On the other hand, like the interconnector for solar cells having the configuration as described in Patent Document 1 (Japanese Patent Laid-Open No. 2006-49666), that is, the interconnector for solar cells 100a shown in FIG. In the configuration in which the base plating layer for forming the solder layer such as the Ni plating layer 20a and the Sn plating layer 30a is formed on the surface and the solder layer 40a is formed on the entire surface of the base plating layer, There is a problem like this. That is, when such a solar battery interconnector 100a is joined to the bus bar electrode 200 on the solar battery cell 300, the solder on the end face of the solar battery interconnector 100a is bonded to the solar battery cell 300 as shown in FIG. As a result, the power generation efficiency of the solar battery cell 300 is reduced, and the stress inherent in the solar battery cell 300 is concentrated on the junction between the solar battery cell and the solder. When a stress is applied to the solar battery cell 300 in a subsequent process for manufacturing the solar battery, there is a problem that the solar battery cell 300 is likely to be cracked or cracked.
On the other hand, according to this embodiment, since the solder layer 40 is not formed on the end face of the solar cell interconnector 100, when joining to the bus bar electrode 200 on the surface of the solar battery cell 300 by soldering, The solder does not adhere to the solar battery cell 300, thereby effectively preventing a decrease in power generation efficiency of the solar battery cell 300 and cracking or cracking of the solar battery cell 300.

Further, as a method for preventing the solder from adhering to the solar battery cell, the bus bar electrode 200 is formed wider than the solar battery interconnector, and the solder on the end face of the solar battery interconnector is applied to the solar battery cell 300. A method of preventing dripping is also conceivable. However, since the bus bar electrode 200 is mainly composed of expensive silver, if the bus bar electrode 200 is wide, there is a problem that it is disadvantageous in terms of cost. In addition, by making the bus bar electrode 200 formed on the surface of the solar battery cell 300 wide, there is a problem that the area on which the solar battery cell 300 is exposed to light is reduced and the power generation efficiency is reduced. .
On the other hand, according to the present embodiment, since the bus bar electrode 200 is not widened and the adhesion of solder to the solar battery cell 300 is prevented, the amount of expensive silver used can be suppressed.
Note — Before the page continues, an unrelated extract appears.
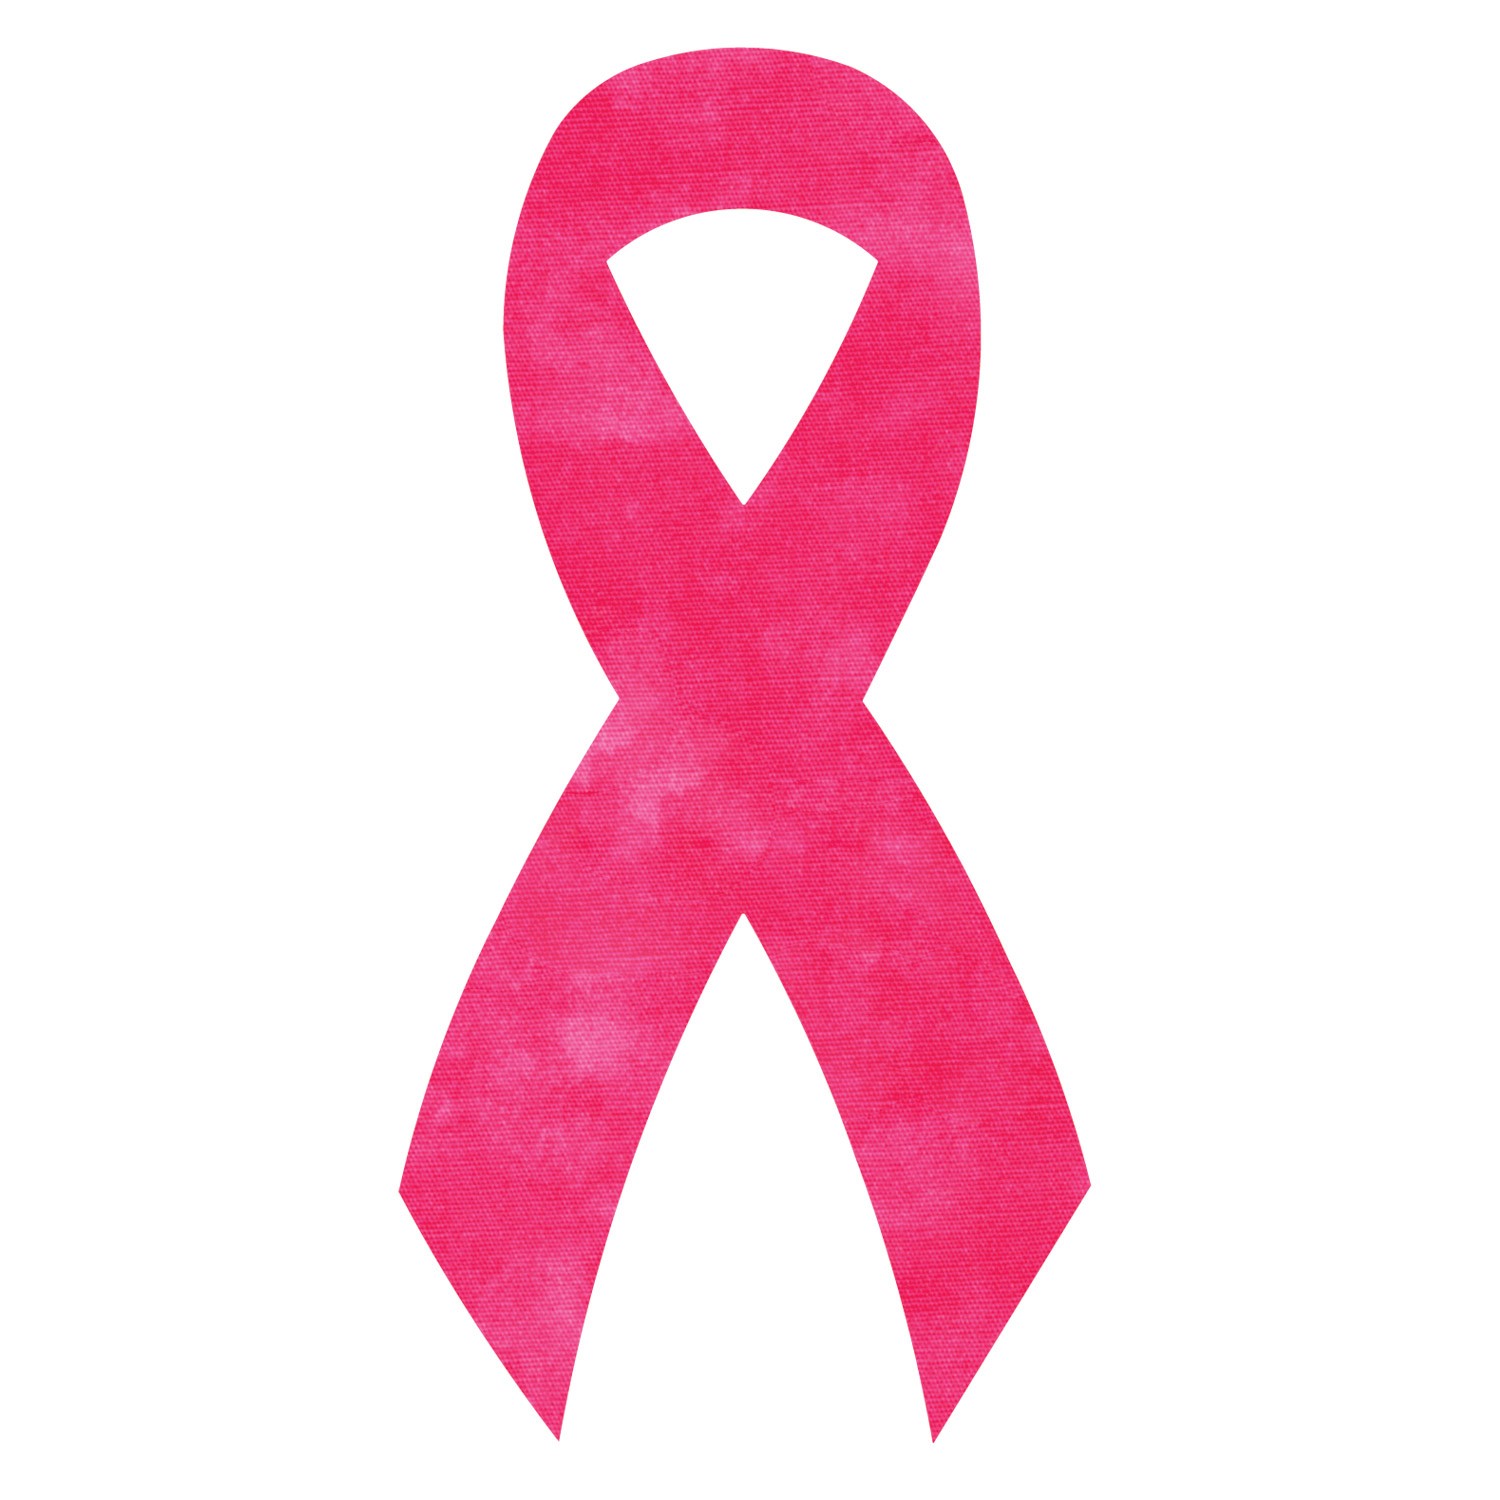 breast cancer logo clip art free - photo #23

Since it is possible, it is advantageous in terms of cost, and furthermore, a reduction in power generation efficiency of the solar battery cell 300 can be prevented.

  The solar cell interconnector 100 of the present embodiment is characterized in that the end face of the Al base 10 is exposed and the base plating layer and the solder layer 40 are formed on the upper and lower surfaces of the Al base 10. The following effects are achieved. That is, according to the solar cell interconnector 100 of the present embodiment, by preventing the solder from adhering to the solar battery cell 300, the power generation efficiency of the solar battery cell 300 is prevented from being lowered. Cracks and cracks can be effectively prevented. Further, in the present embodiment, since it is not necessary to make the bus bar electrode 200 thick, it is advantageous in terms of cost because the amount of expensive silver used can be suppressed, and further, the power generation efficiency of the solar battery cell 300 is reduced. Can be prevented.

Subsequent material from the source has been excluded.